For a moment let’s imagine a typical country music fan. She’s a working class woman in a small town with a couple kids. If she wants to see her favorite artist in concert a pair of tickets can easily cost a couple hundred dollars. She might have to hire a babysitter. Maybe she’ll have to drive two hours in a gas-guzzling pickup. Parking at the venue probably won’t be free. Beer and refreshments will definitely be overpriced. And if she buys a CD and a tee shirt, the total cost of the evening might run over $300. If she works full-time for $10 an hour, that’s about a whole week’s paycheck after deductions.
She’s not going to go to those lengths unless the artist is someone she is passionate about, It’s important to her to feel as if the artist has the same wants and needs that she does, the same dreams and disappointments, and the same ups and downs. But she’s not likely to spend a week’s pay unless that artist is also someone she idolizes, someone who seems larger than life. .
Singers create their images through the songs they sing, so you have to create songs that help make their fans adore them if you want to have commercial success. A male artist needs to come across as someone men want to be and women want to be with, or vise versa for female artists.
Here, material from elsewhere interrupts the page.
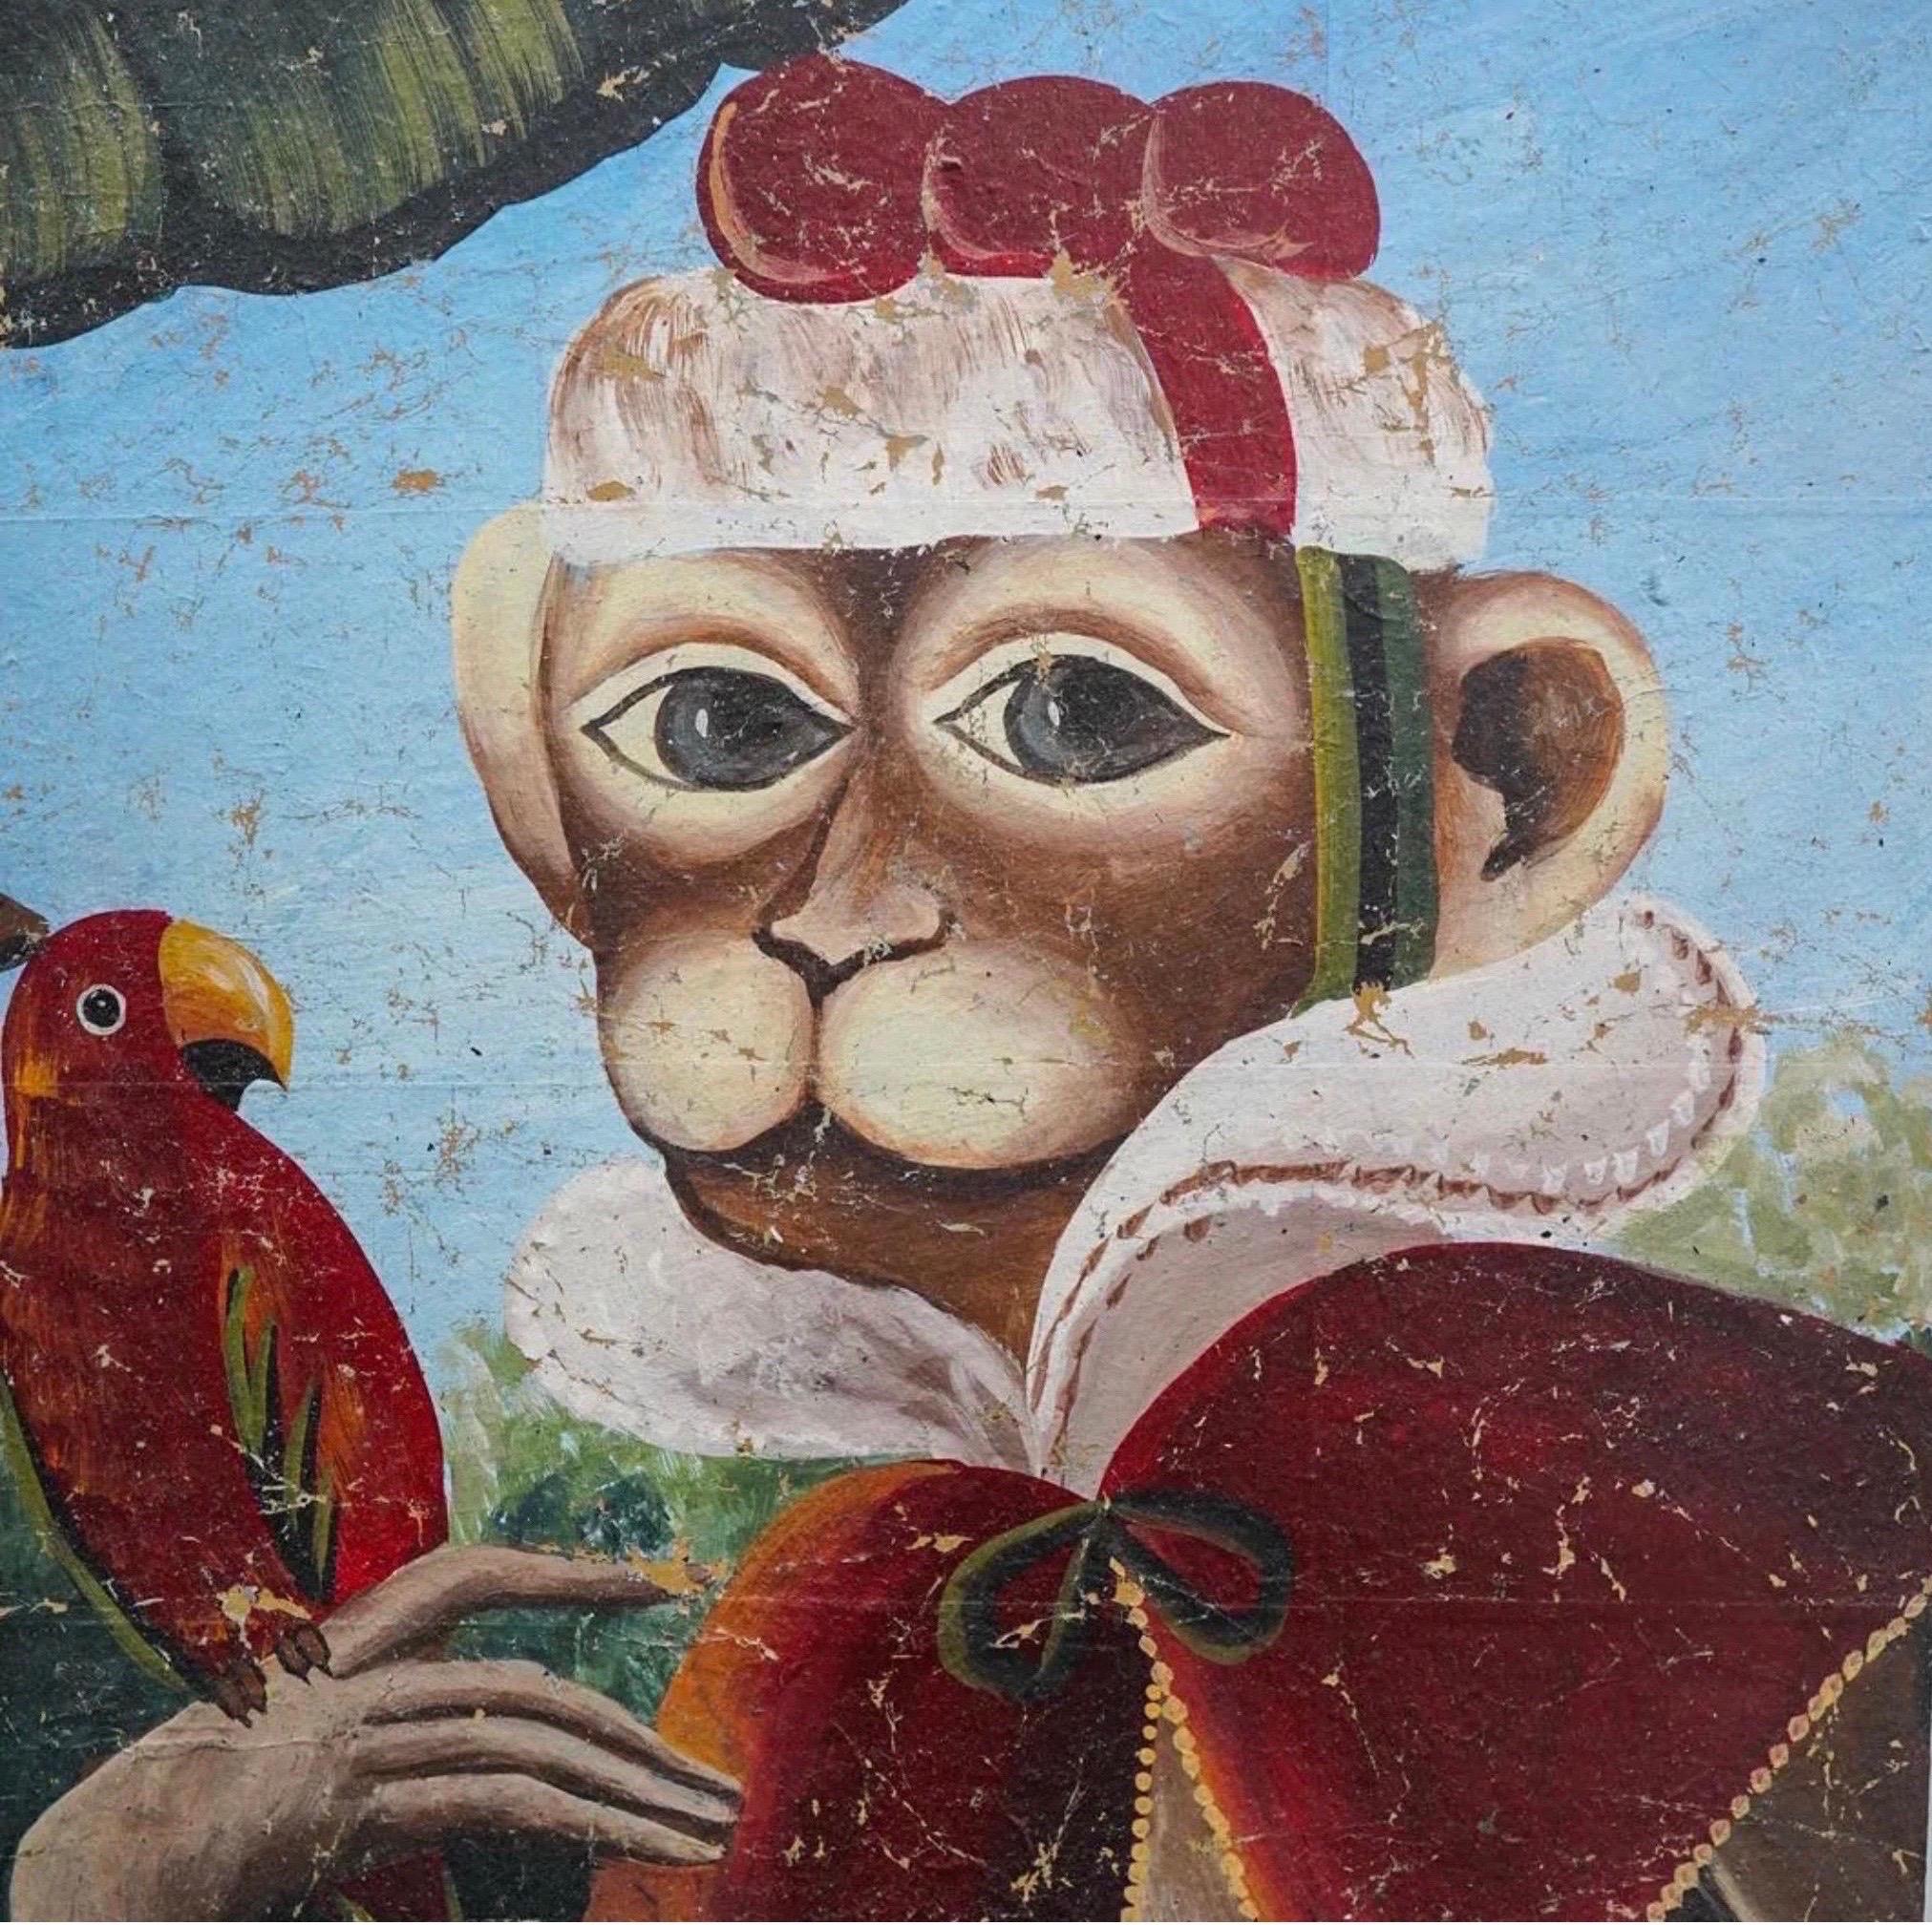 A vintage privacy panel of room divider screen with decorative monkey playing instrument motif, composed of paper mache with wood framed foundation.

It’s a good when songs show singers being vulnerable because that helps fans relate to them. But if the character you create for the singer to portray in your song comes across as unappealing – weak, insecure, old, out-of-shape, unkind, immoral, etc. – it’s going to be hard to get a cut by an artist who is trying to fill stadiums, and cuts by artists who do are the ones that pay enough to let you quit your day job.